» WHAT NEEDS TO BE DONE:
The reply should contain every line of the data, repeated exactly, and no pictures.

[[ DATASET SECTION open ]]

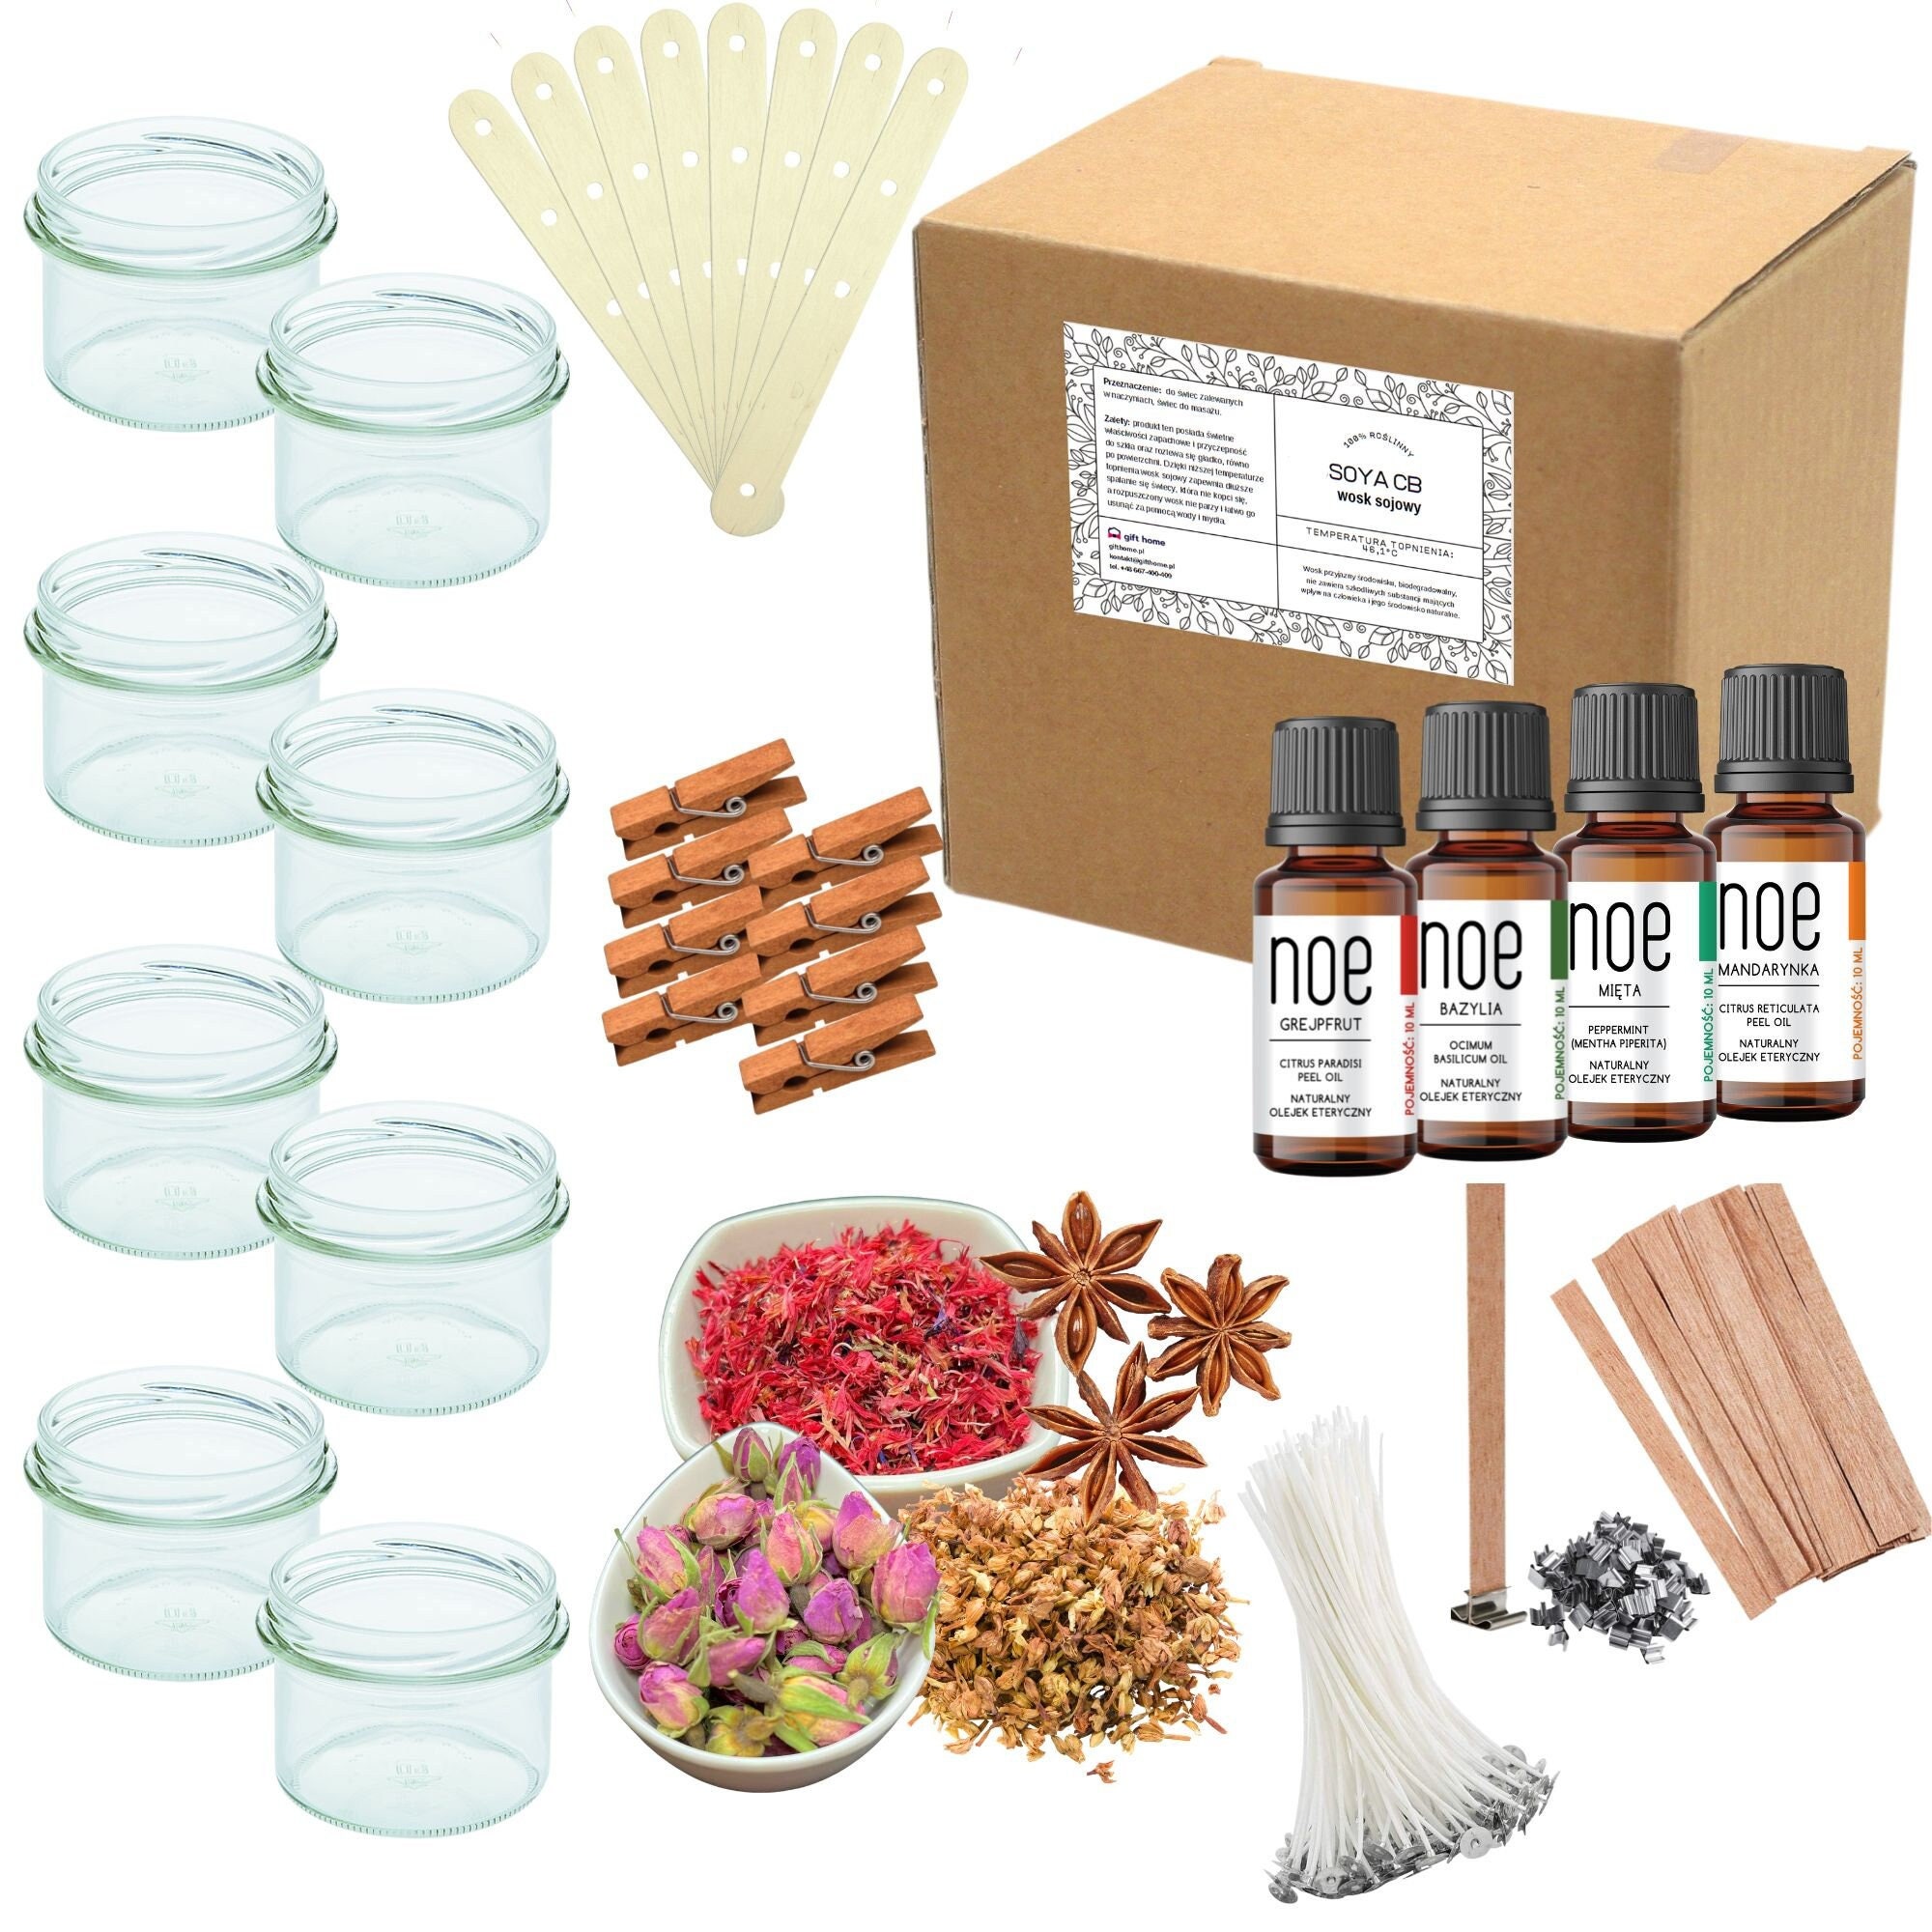 Natural Beeswax Candle Making Kit 7 Sheets of Beeswax DIY Candle Rolling  and Decorating Crafts for Adults, Teens & Kids by Candleology 
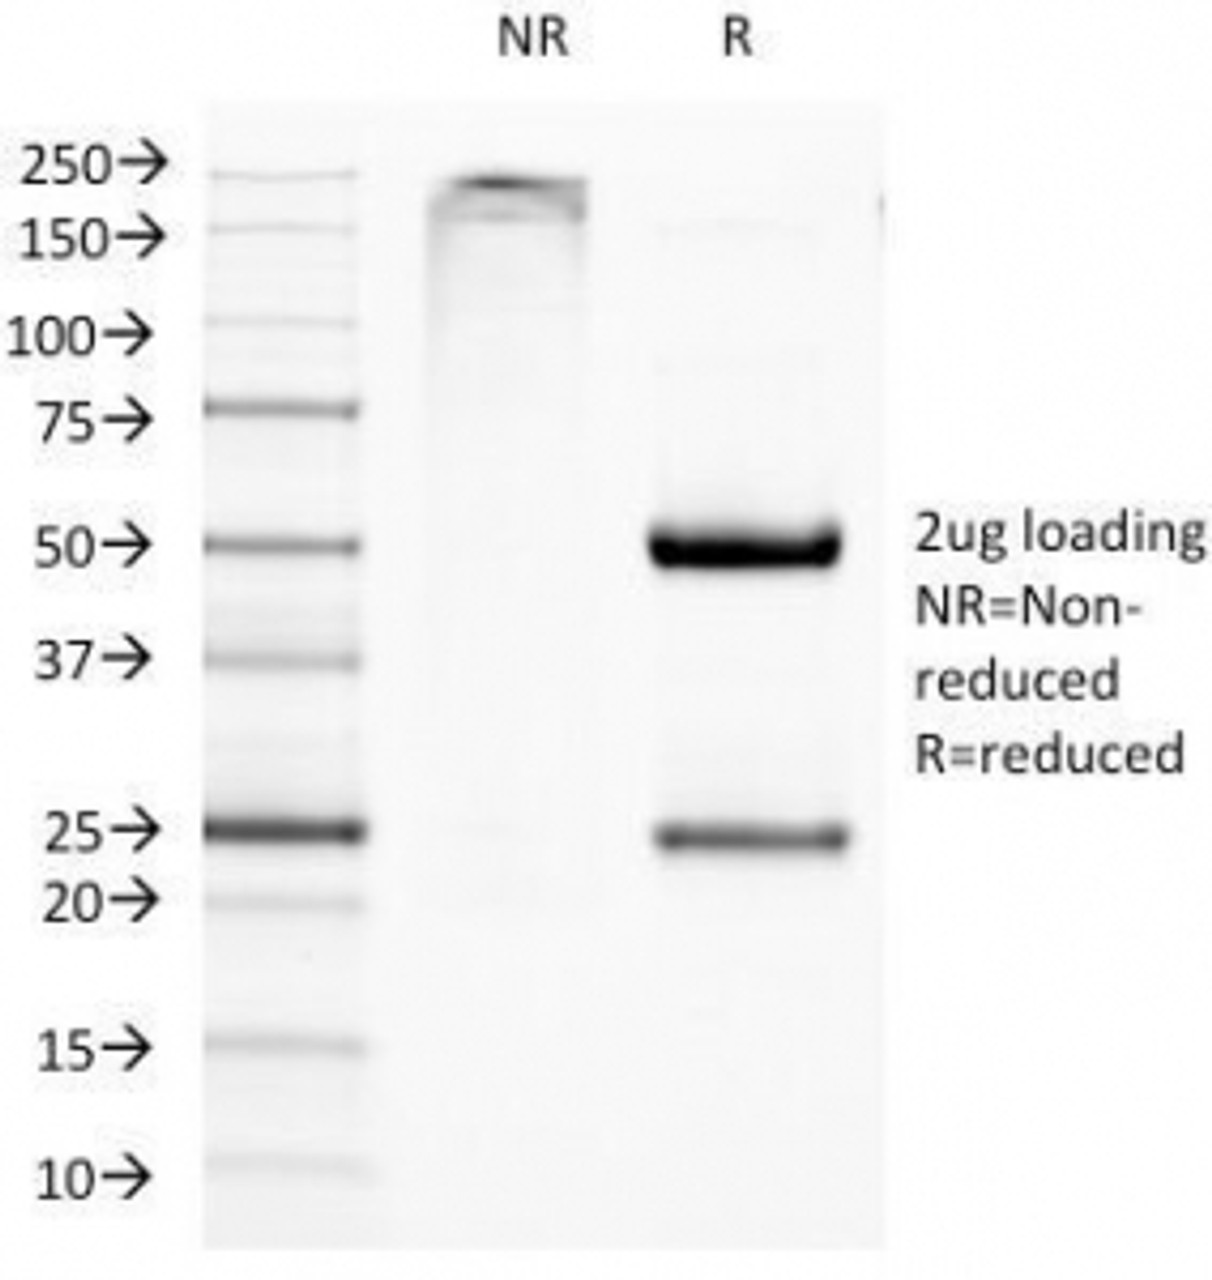 SDS-PAGE Analysis of Purified, BSA-Free CD11c Antibody (clone ITGAX/1284) . Confirmation of Integrity and Purity of the Antibody.
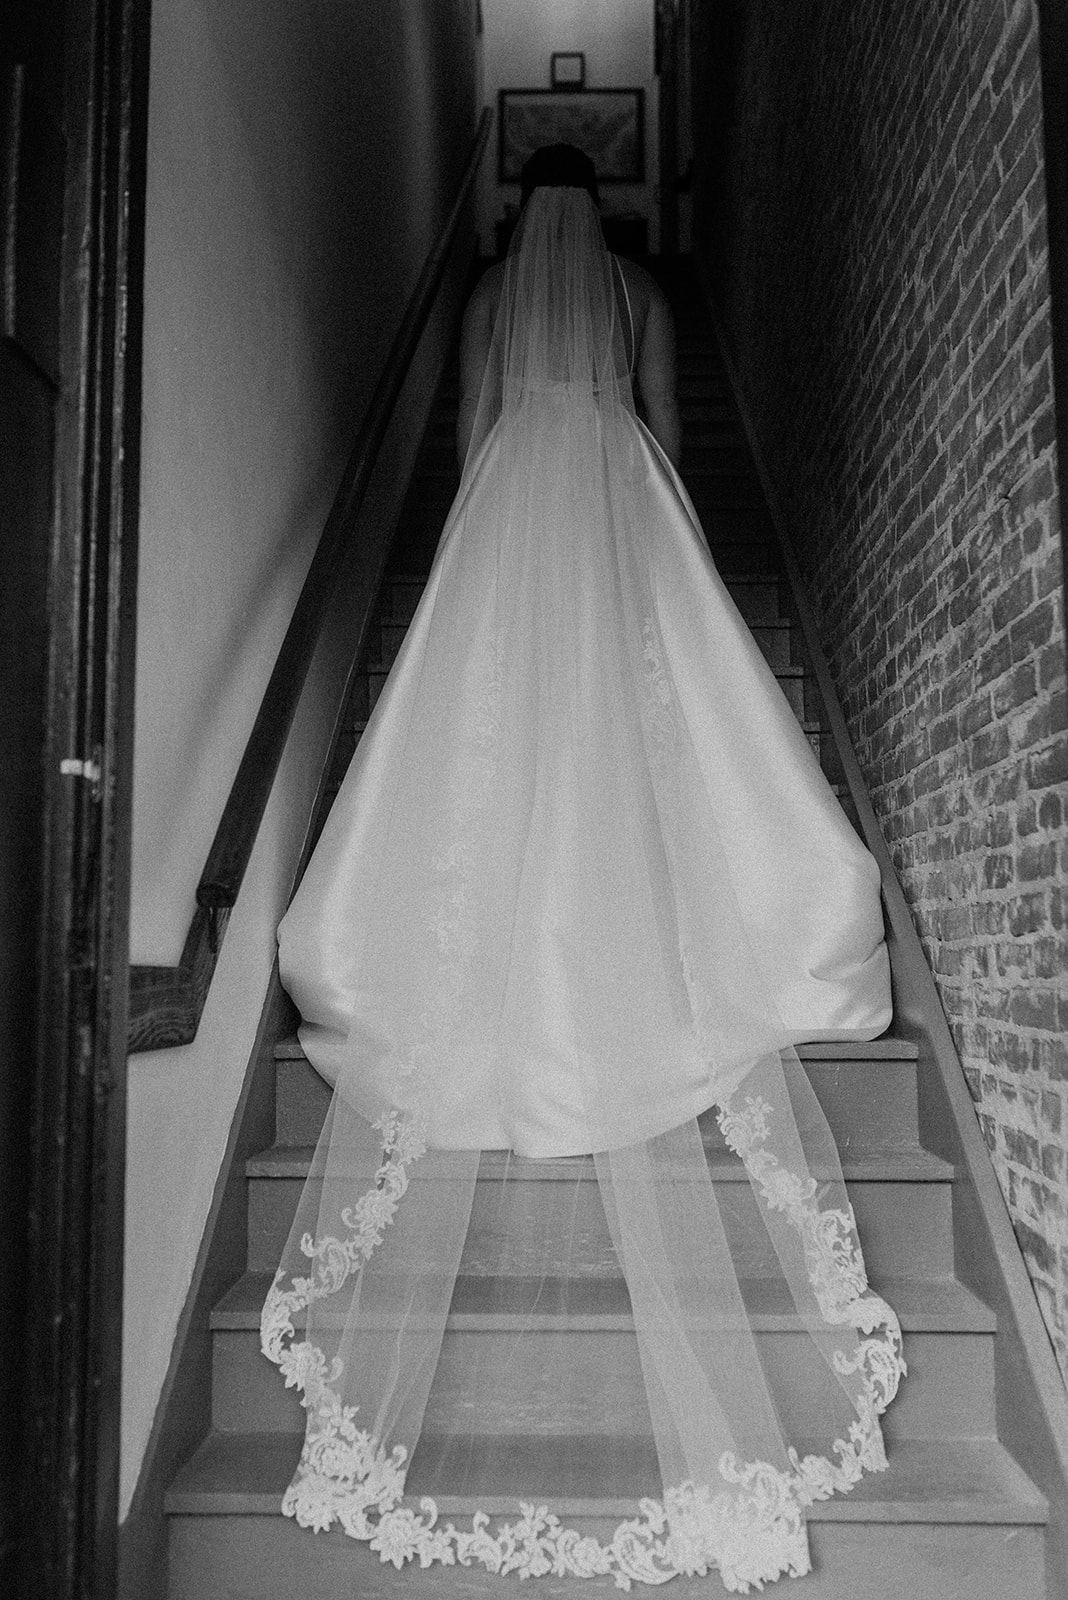 Bride on the staircase with gown trailing down
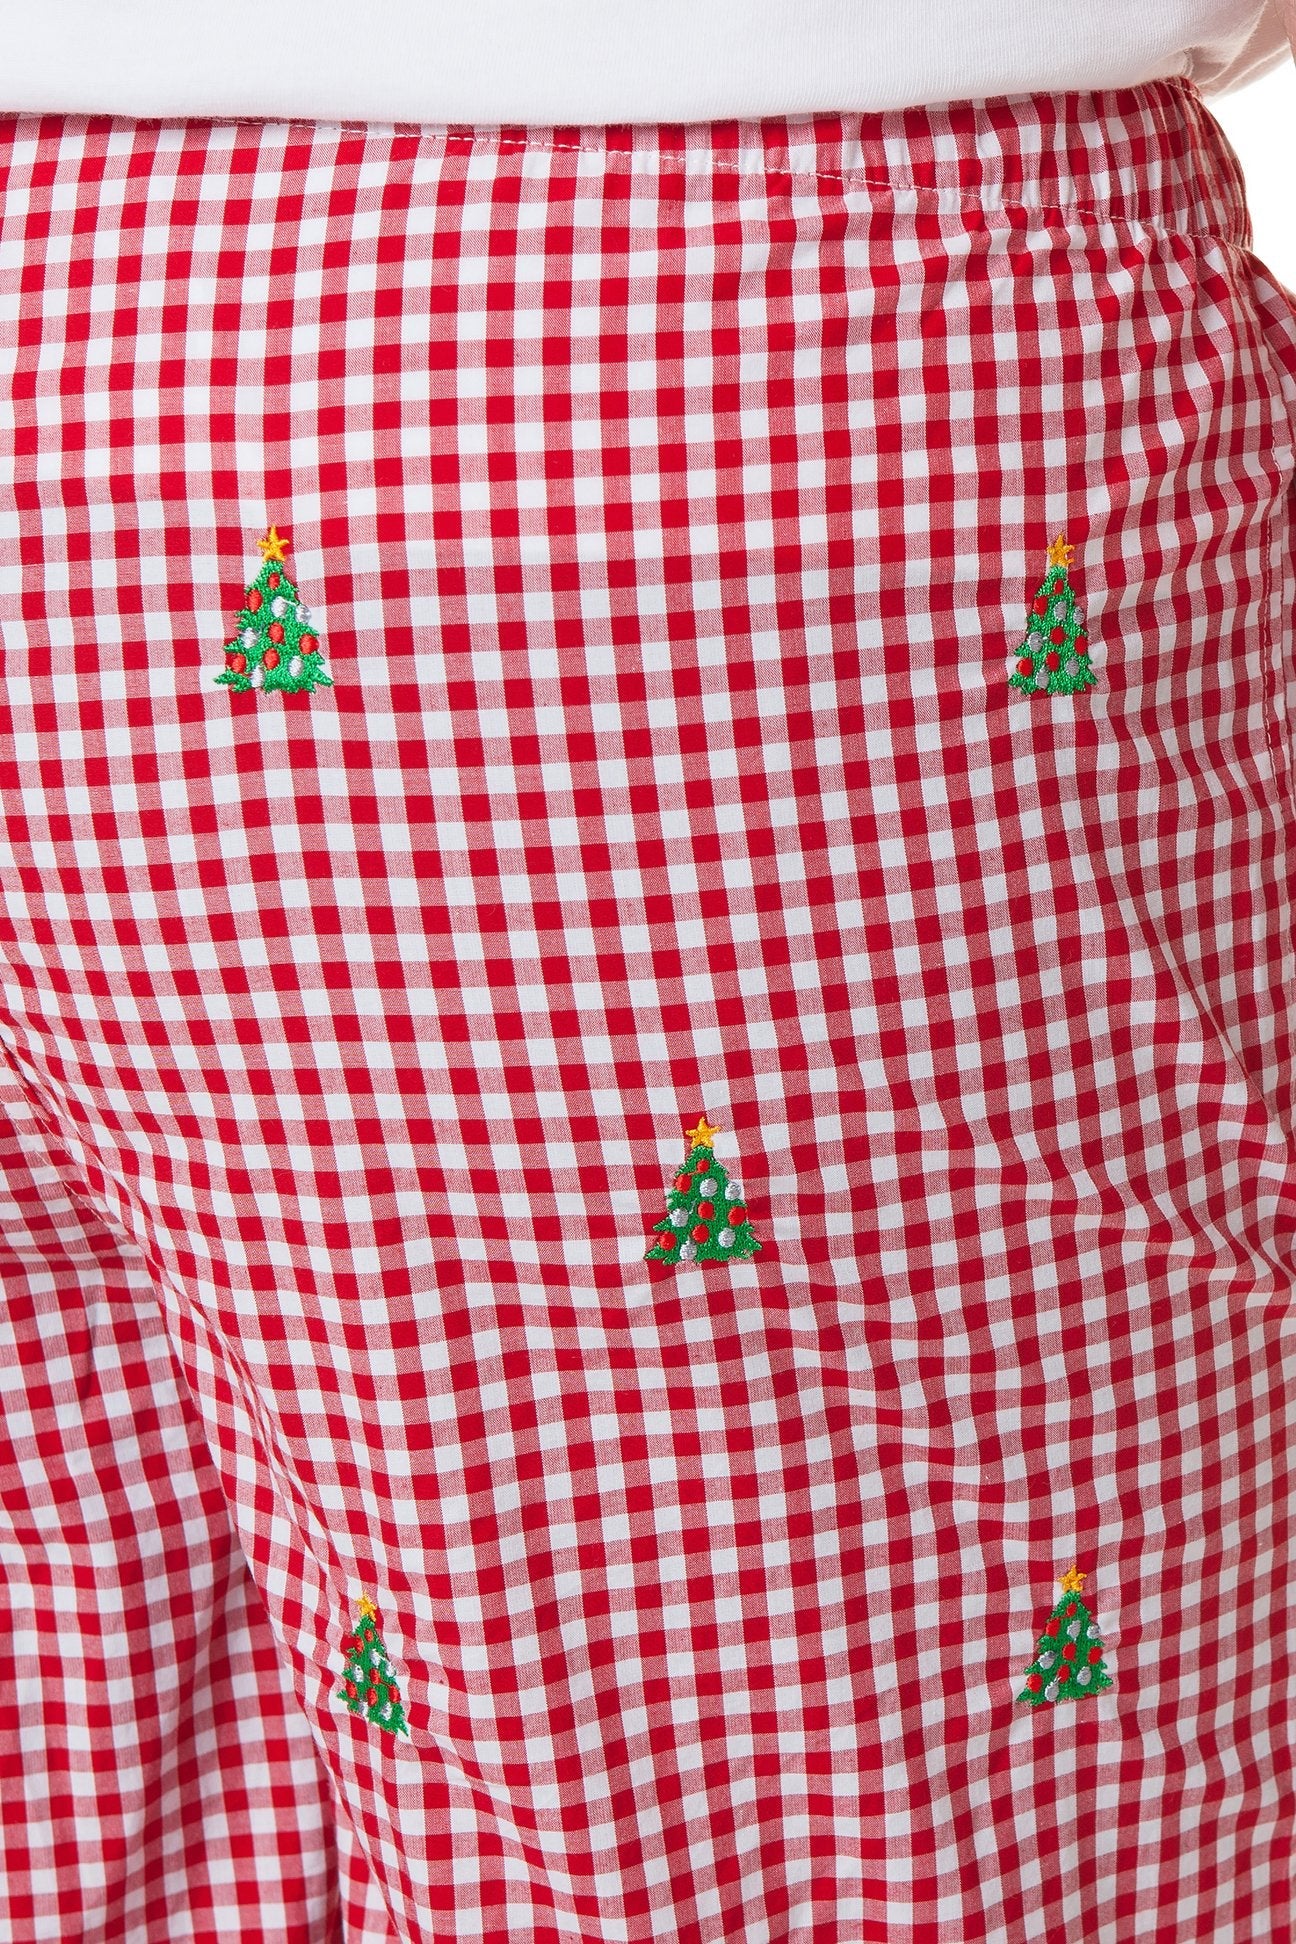 Sleeper Pant Wide Gingham Red with Christmas Tree - CASTAWAY BOXERS - Castaway Nantucket Island

[[ DATASET SECTION closed ]]

» ANSWER SPACE:
 Natural Beeswax Candle Making Kit 7 Sheets of Beeswax DIY Candle Rolling  and Decorating Crafts for Adults, Teens & Kids by Candleology 
 SDS-PAGE Analysis of Purified, BSA-Free CD11c Antibody (clone ITGAX/1284) . Confirmation of Integrity and Purity of the Antibody.
 Bride on the staircase with gown trailing down
 Sleeper Pant Wide Gingham Red with Christmas Tree - CASTAWAY BOXERS - Castaway Nantucket Island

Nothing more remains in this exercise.